My lab is broadly interested in the mechanisms of signaling and transport across cellular membranes.  Our research encompasses several protein families: Nramp transporters that use a proton gradient to facilitate the entry of divalent ions (iron and manganese in particular) into cells; non-classical cadherins involved in cellular adhesion and signaling; ABC transporters that use ATP to fuel substrate transport; and TRP channels important to sensing temperature and painful stimuli. We use a variety of cell-based and in vitro biochemical assays, x-ray crystallography, and computational techniques (molecular dynamics simulations and bioinformatics analyses) to discover how these important proteins function in cells. Below are brief descriptions that illustrate our approaches and goals for specific projects.

 

Nramp transporters

Metals like iron and manganese are essential to physiological processes such as oxygen transport and energy metabolism. Nramps (Natural Resistance-Associated Macrophage Proteins) are transition metal transporters found in all kingdoms of life. They are the primary manganese importers in bacteria, and important metal uptake systems in plants, fungi and animals as well. In humans, Nramp1 is part of the immune system’s metal withdrawal to counter microbial pathogens, while Nramp2 is responsible for dietary and cellular uptake of non-heme iron. Nramps are thus crucial for adequate supply of these metals while avoiding toxicity from over-accumulation. The goal of this project is to determine at atomic resolution the molecular mechanism of metal-ion transport by the Nramp family of proteins, including conformational change mechanisms, metal selectivity, and the role of protons and pH in regulating transport.

 

Non-classical cadherins

As the brain develops, neurons play a complex game of Twister to keep their neuronal processes from getting tangled up and improperly wired. For example, dendrites exhibit self-avoidance – avoid contact with other dendrites from the same neuron. In higher animals, the clustered protocadherins (cPCDHs) mediate this self-avoidance. Each cell has a random but unique set to distinguish it from neighboring cells. The cPCDHs create a biological ‘AND’ gate: a cell recognizes itself if and only if all expressed isoforms form homophilic interactions. Mutations in these proteins are linked to neurodegenerative diseases and schizophrenia.

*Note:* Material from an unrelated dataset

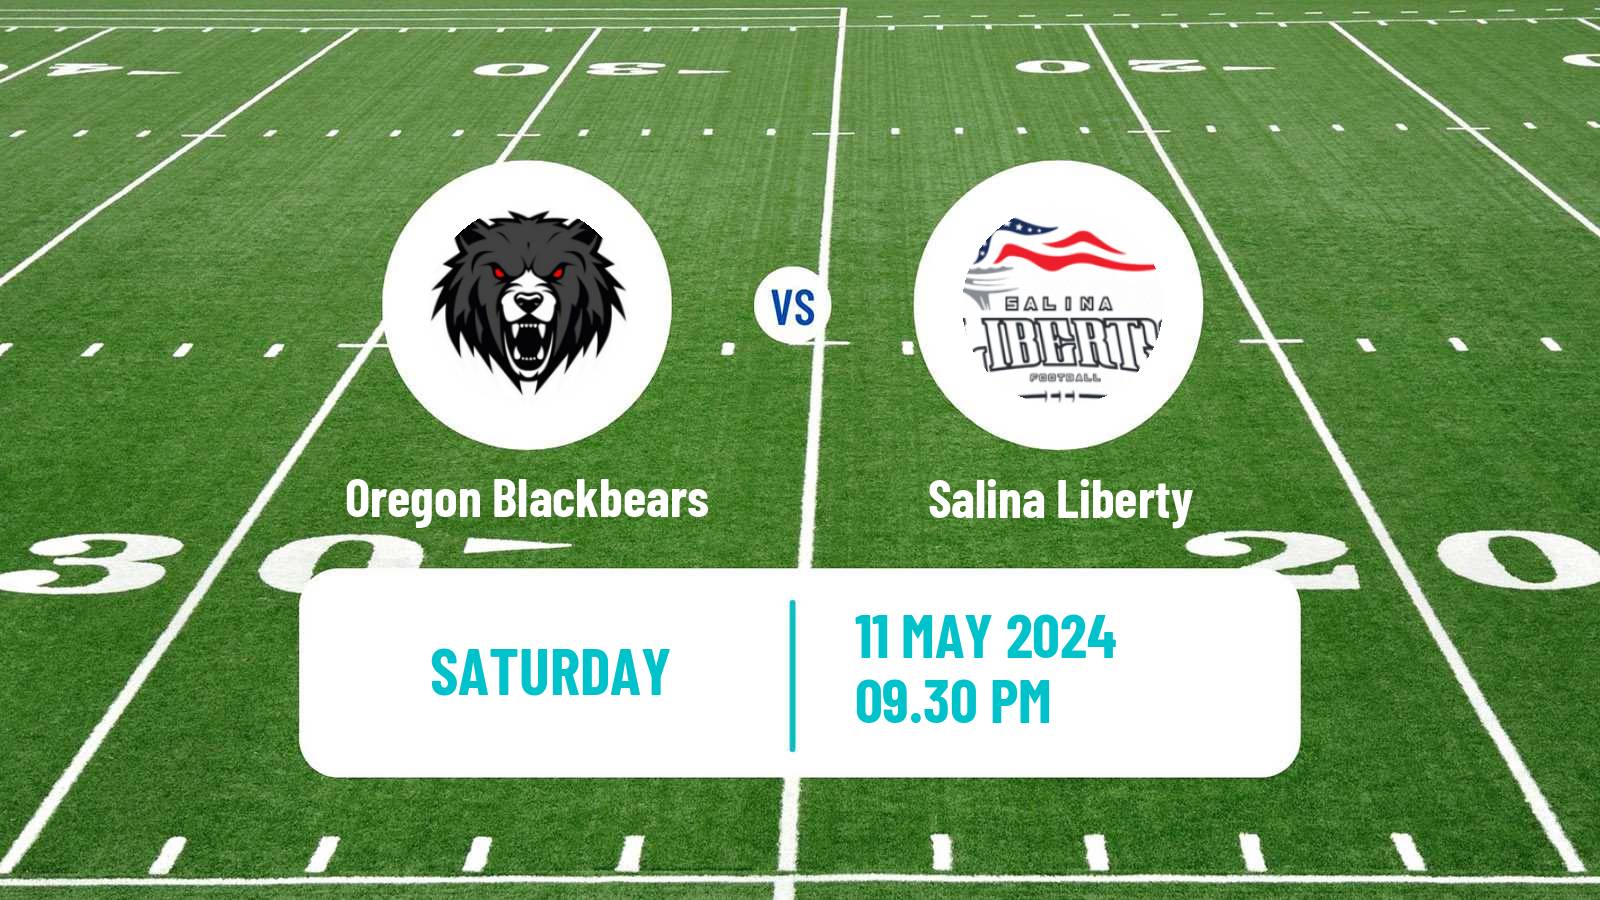 Arena football Arena Football League Oregon Blackbears - Salina Liberty

We use structural, biochemical methods and cell-based assays to understand how cPCDHs form supramolecular inter-cellular signaling assemblies. We also use various sequence- and structure-based bioinformatics approaches to study cadherin diversity and evolution. We aim to understand how the diversity of sequences and structures in the cadherin superfamily contributes to their diverse signaling and adhesion functions mediated in the animal kingdom.

 

TRP ion channels

We are particularly interested in TRP (Transient Receptor Potential) ion channels involved in temperature sensing and other sensory processes. For example, several temperature-sensing TRP channels, including TRPV1 and TRPM8, are expressed in nociceptor neurons, and therefore responsible for pain sensations in response to noxious stimuli. The biophysical and biochemical mechanisms of pain and heat sensing are therefore not only of academic interest, but also of medical and pharmacological interest. We have determined the structures of several TRPV channel cytosolic domains. We are also using patch-clamp electrophysiology and other functional assays to understand the role of ligand interactions with the cytosolic domains in TRP channel function.